## What the task requires
Reproduce the listing below in full and without alteration, apart from its pictures.

## Information supplied
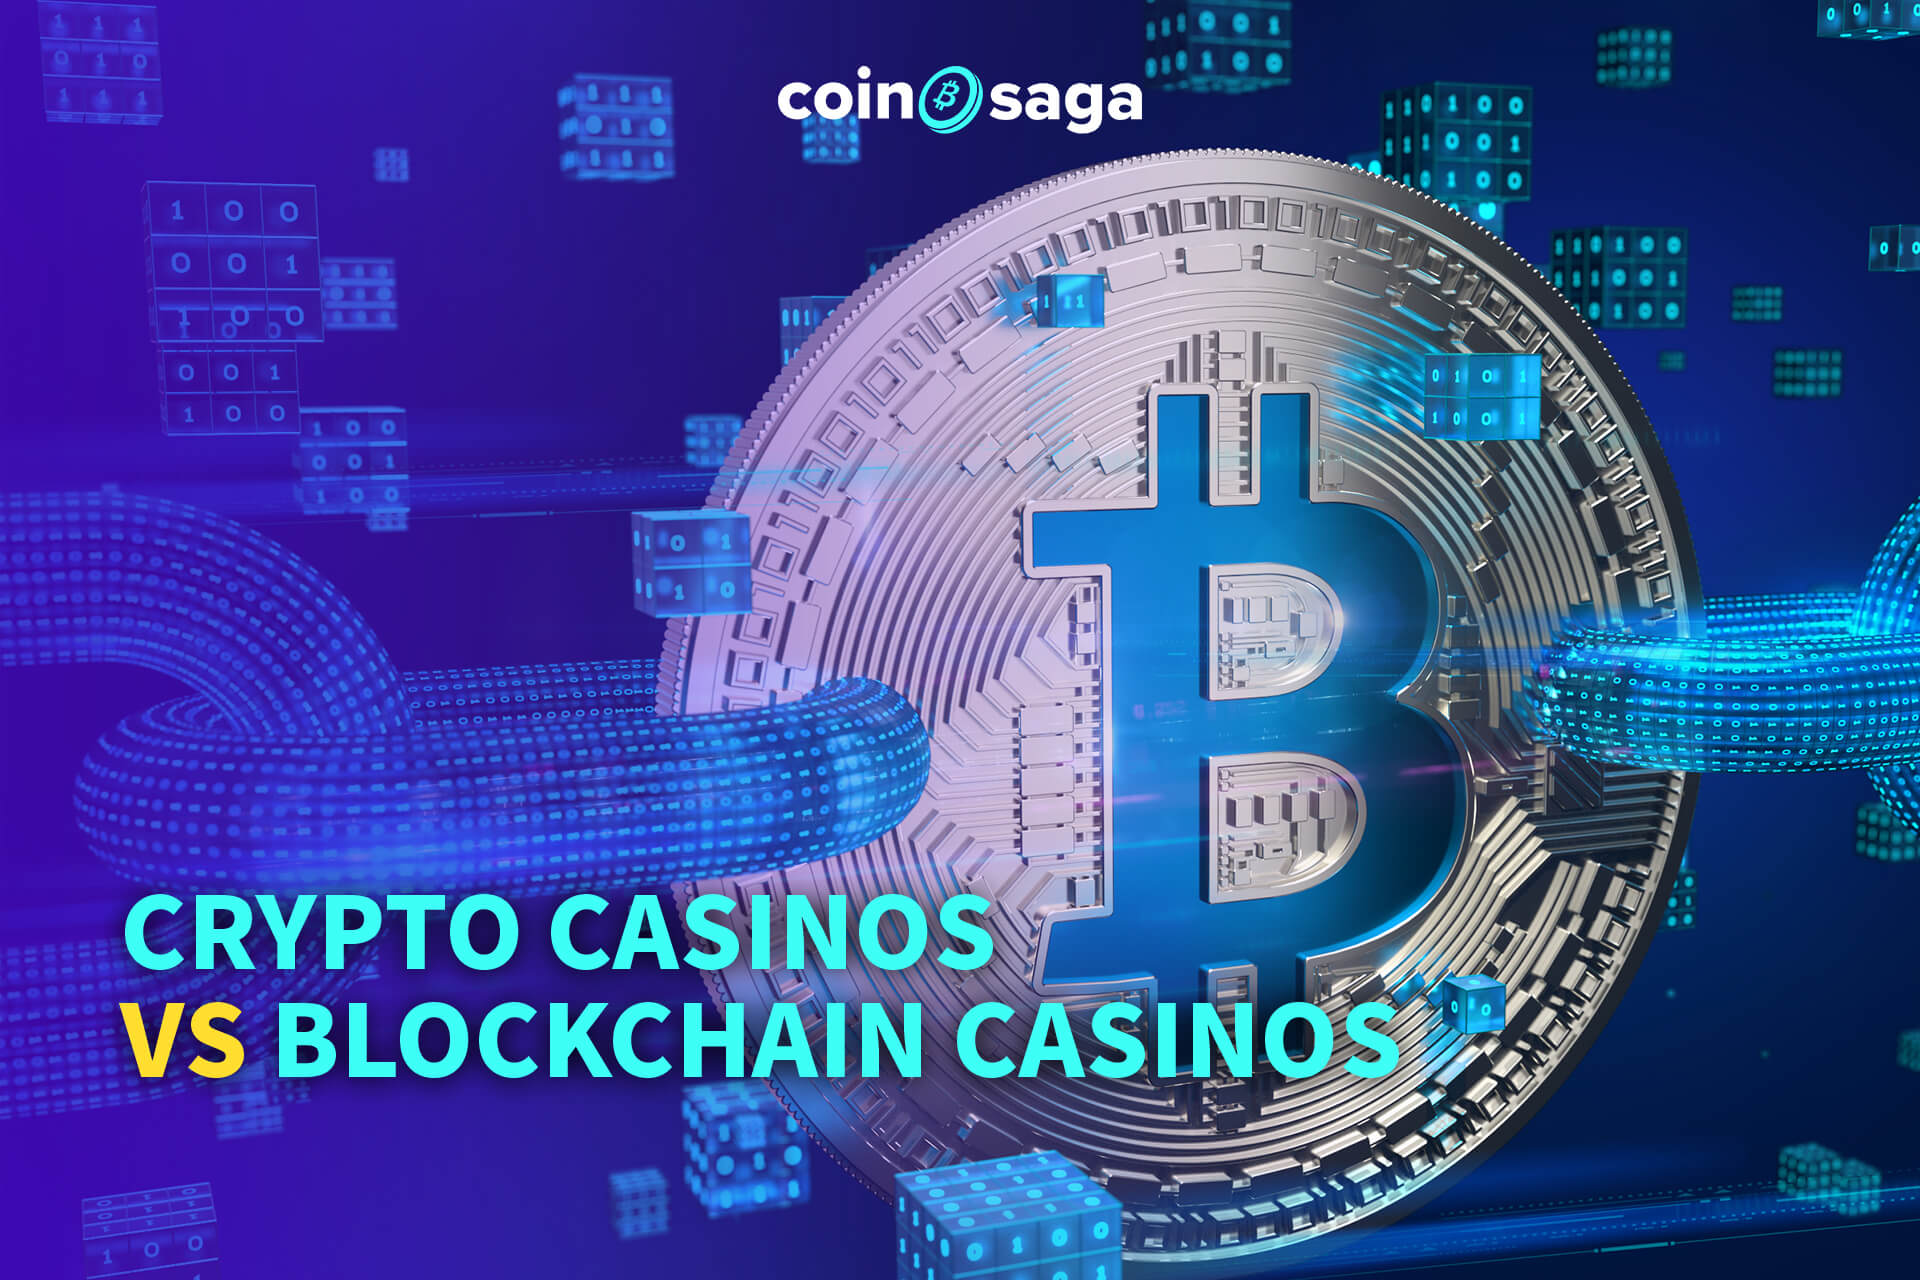 Crypto Casinos vs Blockchain Casinos
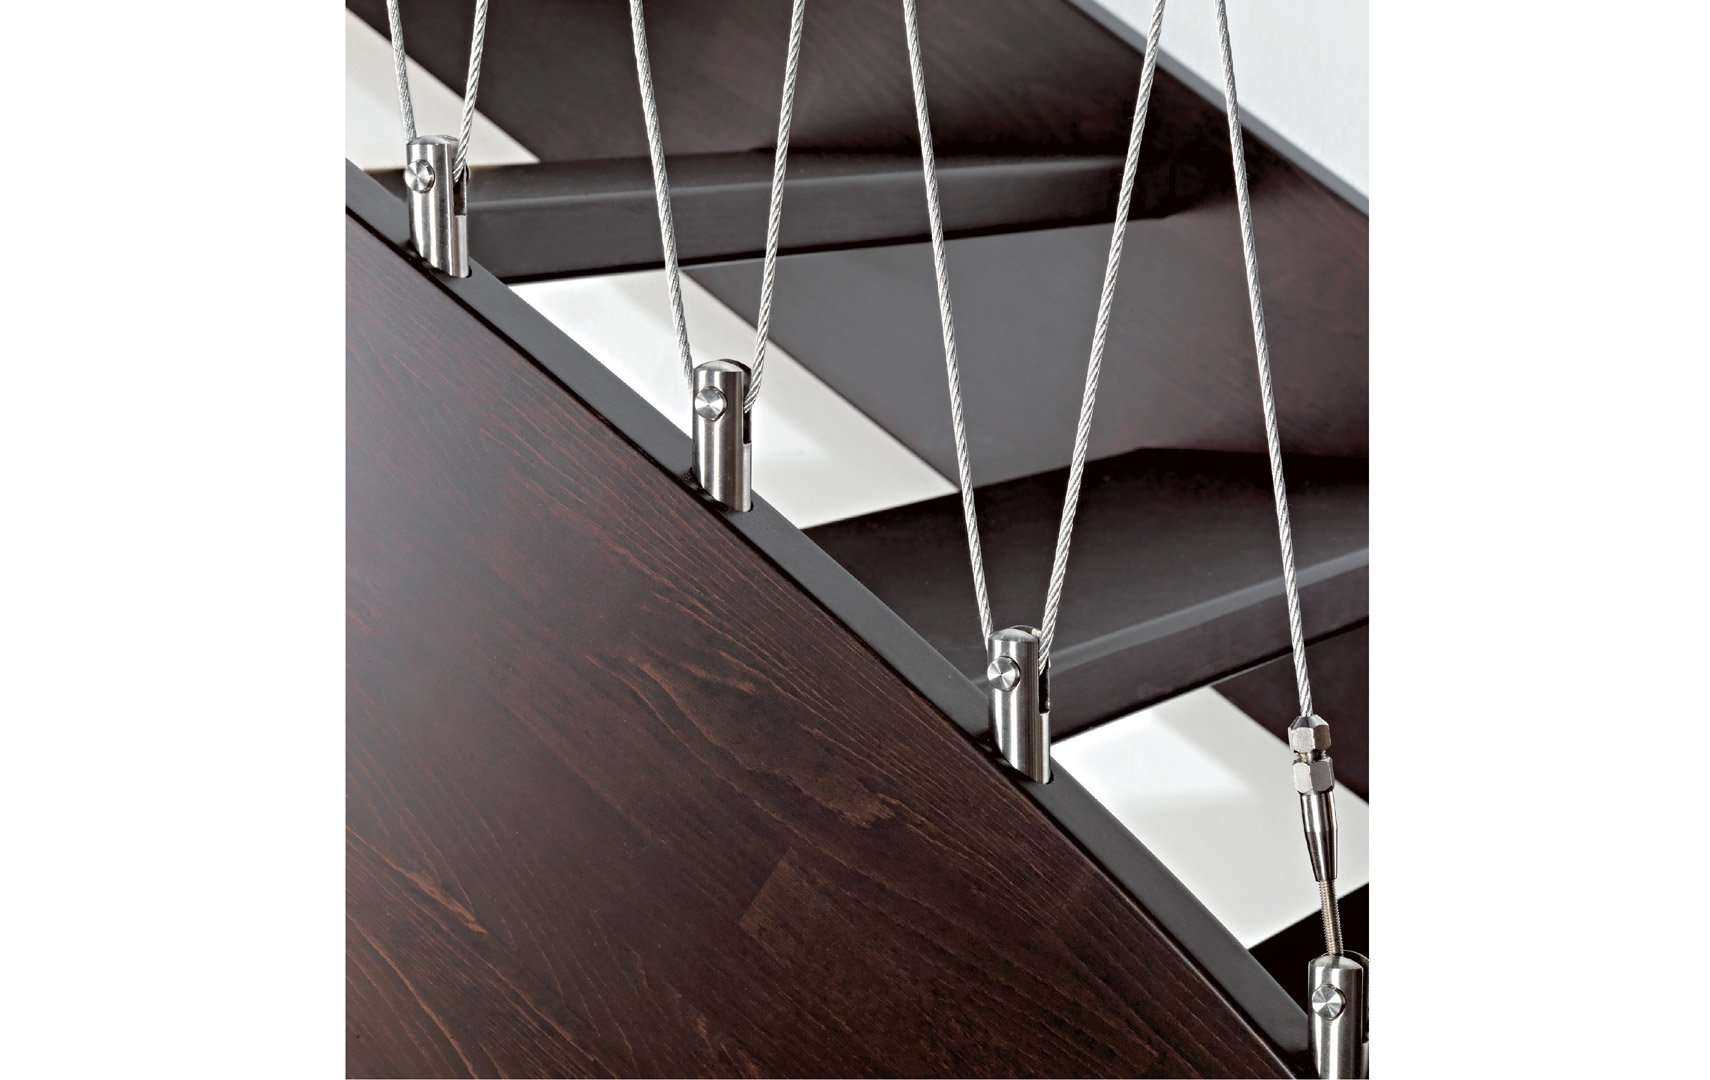 vertigo escalier rampe escalier monte escalier escalier quart tournant escalier bois. Black Bedroom Furniture Sets. Home Design Ideas
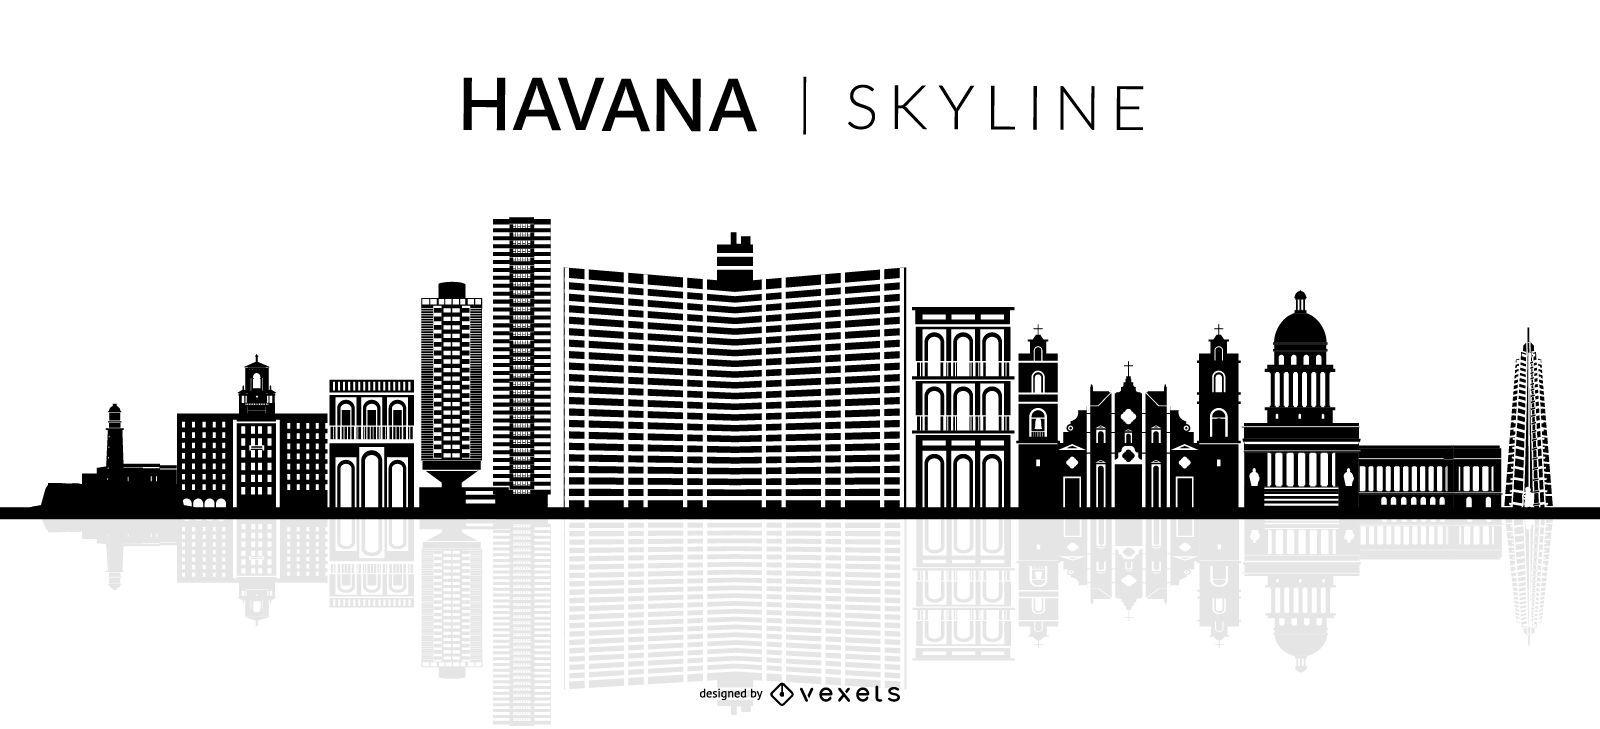 Havana City Skyline Silhouette

## Solution for this exercise
 Crypto Casinos vs Blockchain Casinos
 vertigo escalier rampe escalier monte escalier escalier quart tournant escalier bois. Black Bedroom Furniture Sets. Home Design Ideas
 Havana City Skyline Silhouette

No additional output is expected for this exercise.